Part 1 Due: Friday February 12 5pm. Part 2 Due: Friday February 19 2pm No late homeworks will be accepted
Work in groups of two. Each group should turn in one homework.
Note: Part 2 is due at the beginning of class on Friday Feb 19!
From Hennessy and Patterson Computer Architecture: A Quantitative Approach Second Edition
This question examines a new application of prediction called "Load value prediction." This problem is mostly self-contained (it was an exam problem last year), but you may find it interesting to read the paper "Value Locality and Load Value Prediction" by Mikko H. Lipasti, Christopher B. Wilkerson and John Paul Shen (Carnegie Mellon University) (appeared in ASPLOS 1996)
Consider an in-order superscalar, superpipelined machine. The machine issues up to 2 instructions per cycle into an 8-stage pipeline (IF: first instruction fetch, IS: second instruction fetch, RF: register fetch, DF: first data fetch, DS: second data fetch, TC: data fetch tag check, WB: write back). As with the MIPS R4000, cache accesses are pipelined over three stages, with the result available in the second cycle and the tag checked in the third. E.g.:
instr1 | IF | IS | RF | EX | DS | TC | TC | WB | |
instr2 | IF | IS | RF | EX | DS | TC | TC | WB | |
instr3 | IF | IS | RF | EX | DS | TC | TC | WB | |
instr4 | IF | IS | RF | EX | DS | TC | TC | WB |
The following table summarizes the probabilities that the i'th instruction after a load is the first instruction after the load to use the result of the load:
Instruction after load | Use probability |
1 | 35% |
2 | 20% |
3 | 15% |
4 | 10% |
5 | 6% |
6 | 4% |
7 | 2% |
8,9,10 | 1% |
11,12,13,14,15 | 0.5% |
16..25 | 0.1% |
The base CPI of the machine is 0.5 and for the target workload branch stalls add an additional 0.52 cycles per instruction. 25% of all instructions are loads. We will not consider floating point stalls in this problem. For simplicity, we will assume all instructions and data accesses hit in the L1 cache.
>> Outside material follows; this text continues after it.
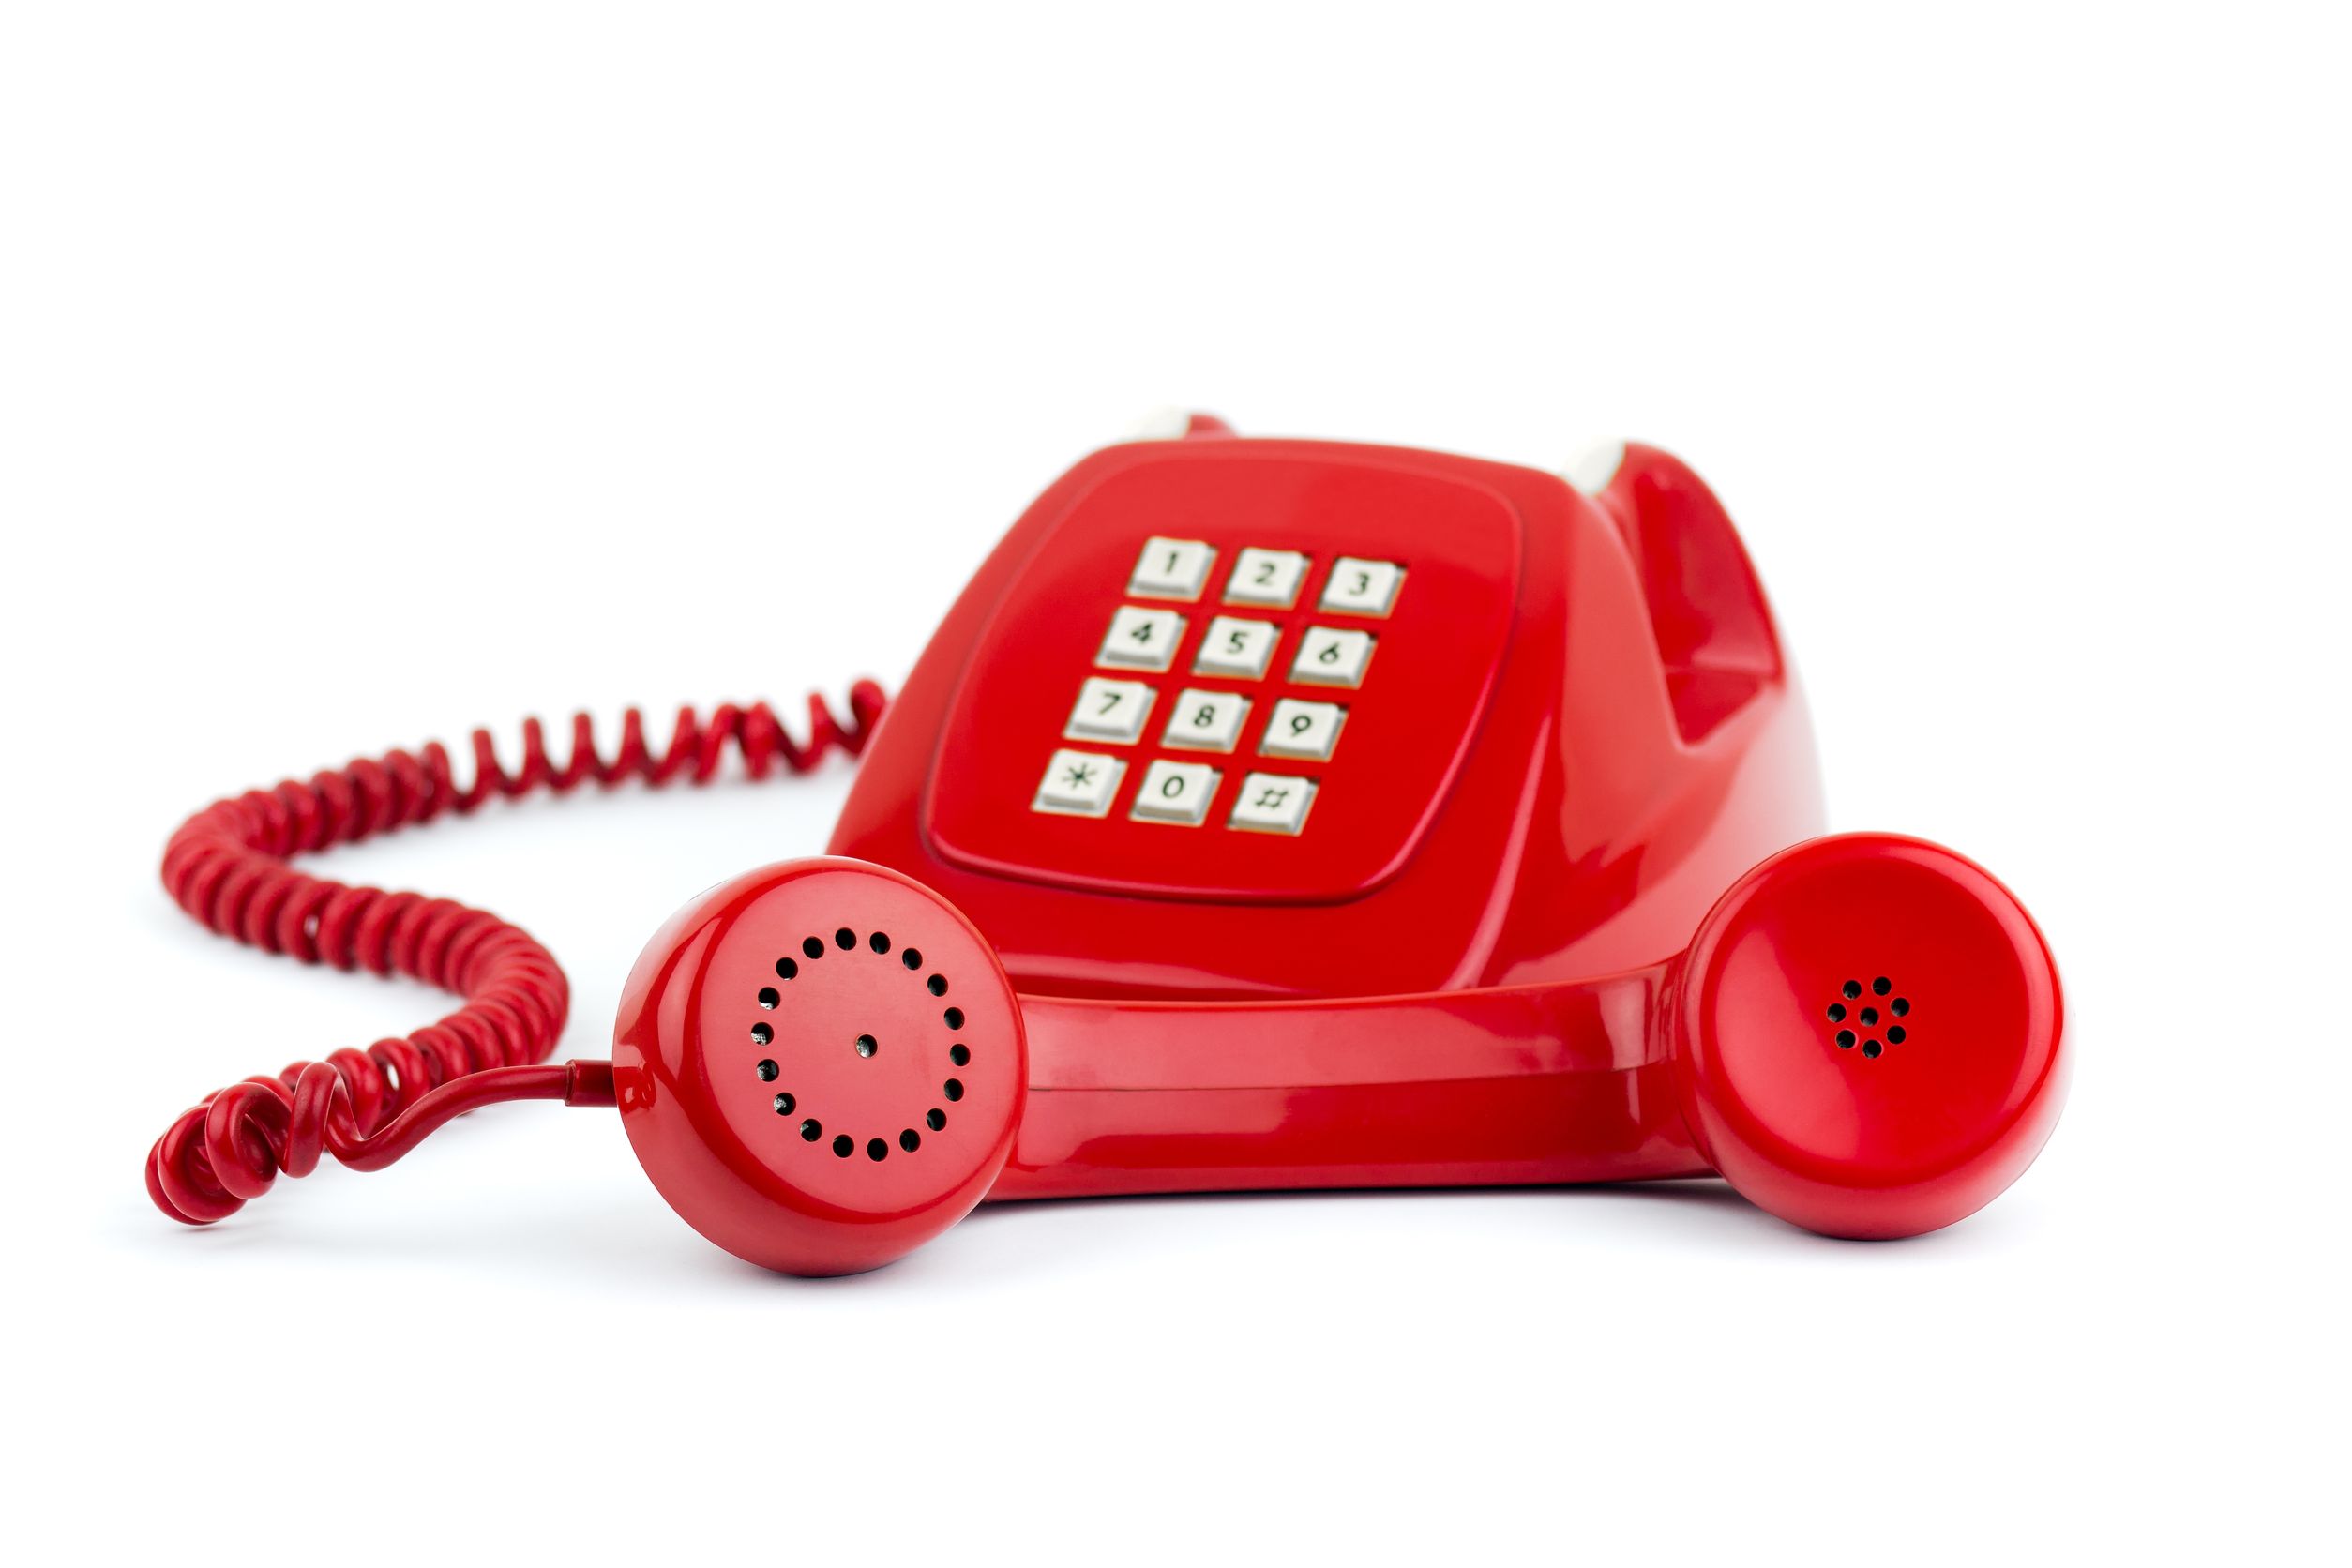 Горячие телефоны минск. Красный телефон. Горячая телефонная линия. Телефонная трубка. Телефон проводной красный.
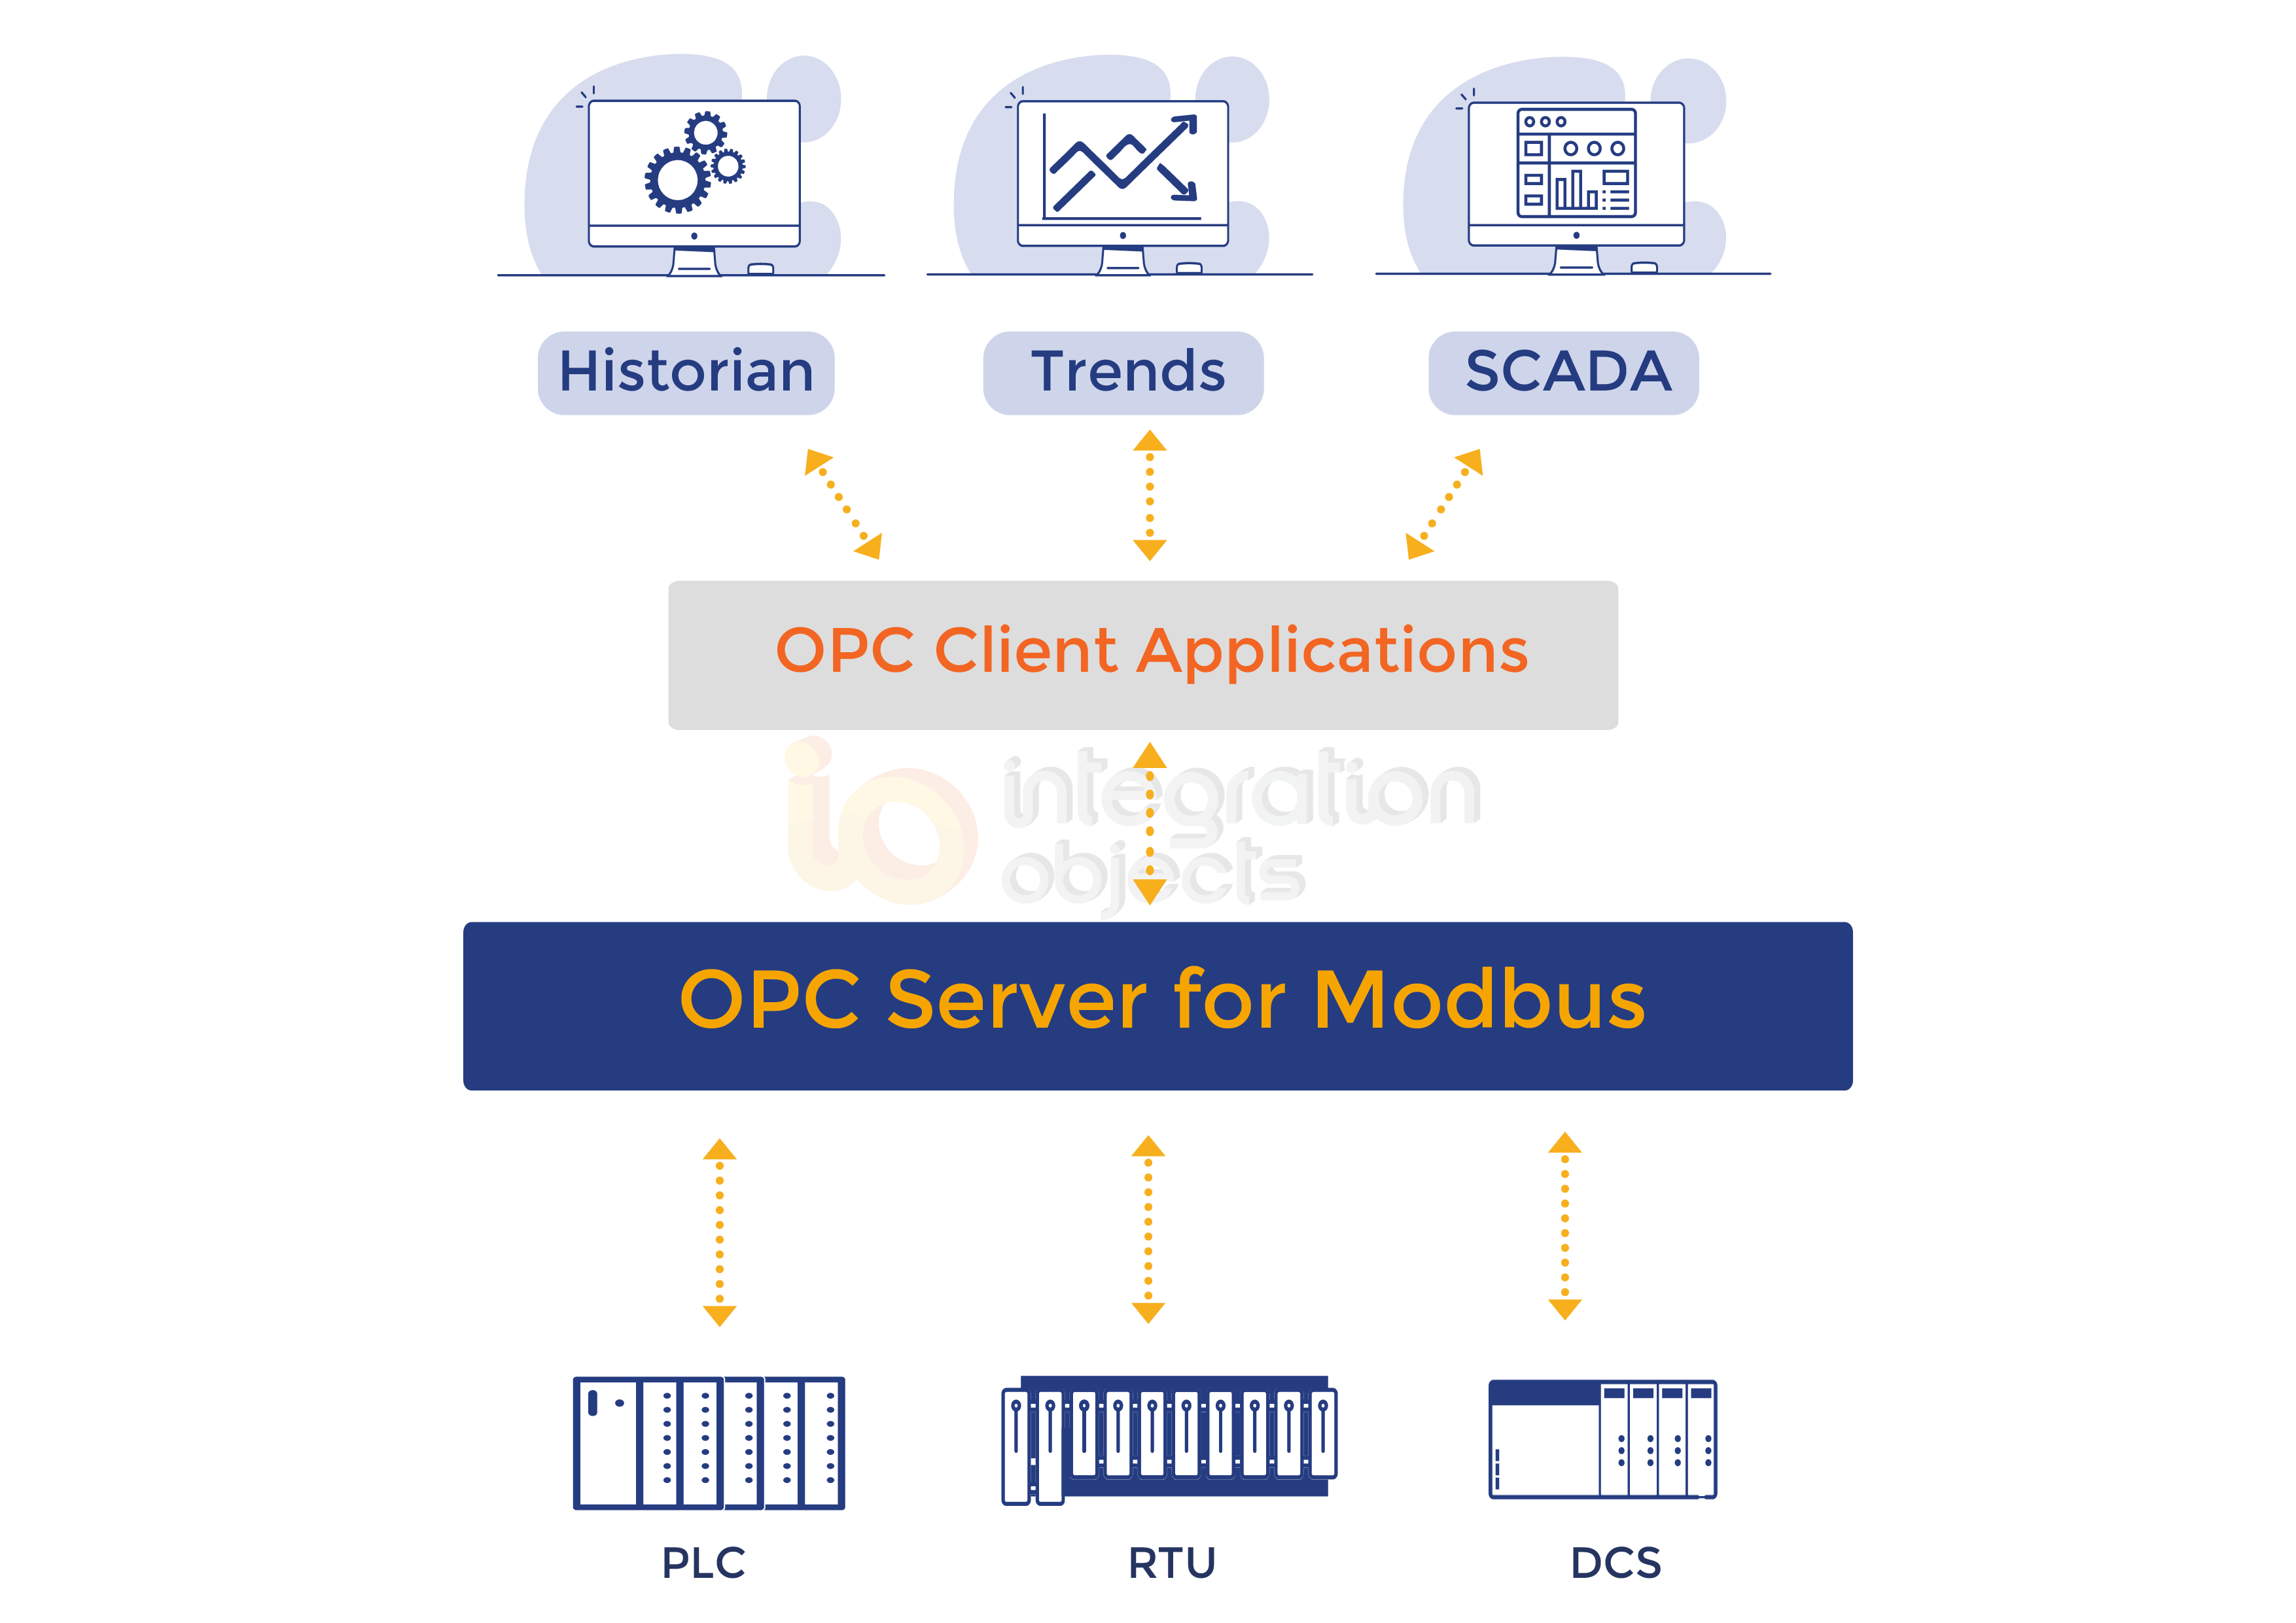 OPC Server for Modbus

a. What is the load delay for this machine?
i. In cycles
ii. In instructions
b. What is the CPI in the base machine?
One proposal to reduce the load delay in such a machine is to take advantage of the fact that a load instruction at a particular address is somewhat likely to load the same value from memory repeatedly. A Load Value Prediction table (LVP) maps the address of load instructions to a predicted value for loads.
c. Describe how you could use a LVP to reduce the load delay in this CPU. (For now, do not describe how you would recover from mispredictions; we'll talk about that later.
d. Suppose we add a LVP to the above pipeline. What is the minimum load delay that can be achieved on a LVP hit?
i. In cycles?
ii. In instructions?
e. In such a design, over how many cycles can we pipeline the LVP lookup?
Dealing with mispredictions Suppose we access the LVP to predict a load value for each instruction whether it is a load or not. By the time the value would be used, we know whether the instruction was a load, so if it was not a load, we can throw away the prediction with no harm done. However, if the instruction is a load, we must compare the prediction against the real value and roll back on a miss. To simplify this problem (and the pipeline), assume that you will flush and refetch all instructions following a mispredicted load whether or not they depend on the load.
We can compare the prediction and the result during TC. If the prediction was incorrect, squash all instructions in the pipeline that are after the load. The load instruction does its WB normally, and the two instructions immediately after the load restart in IF1. (There are quite a few ways we might make restart more efficient, but there are complexity trade-offs
g. What is the misprediction penalty when a load value prediction is found to be incorrect under this scheme? (Consider both the case when the load is in the "top half" and the "bottom half" of a cycle.
h. Assume that a 1024-entry LVP predicts loads correctly 70% of the time. WHat is the CPI of the machine using such a LVP?
To reduce the cost of mispredictions, researchers have proposed adding a load classification table (LCT) that tracks whether the load associated with an address is predictable or not. Each entry of the LCT is a two-bit saturating counter that assigns the four states 0-3 as "dont predict", "dont predict", "predict", and "predict." The counter is incremented when the predicted value is correct and decremented otherwise. A 256-entry LCT classifies 93% of unpredictable loads as "don't predict" and classifies 82% of predictable loads as "predict."
g. Using the LCT, what is the new CPI of the machine?
Read the two papers assigned for this class ( "Superspeculative Microarchtiecture for Bayond AD2000" Lipasti and Shen IEEE Computer September 1997 and "One Billion Transistors, One Uniprocessor, One Chip" Patt, Patel, Friendly, and Startk IEEE Computer September 1997)
For each of the papers, turn in a short (1/2 page max critique of the paper answering the following three questions.
a. What are the three most important concepts in the paper?
b. What is the most glaring flaw in the paper?
c. What is the main conclusion you take away from this paper regarding the future of microprocessor architectures?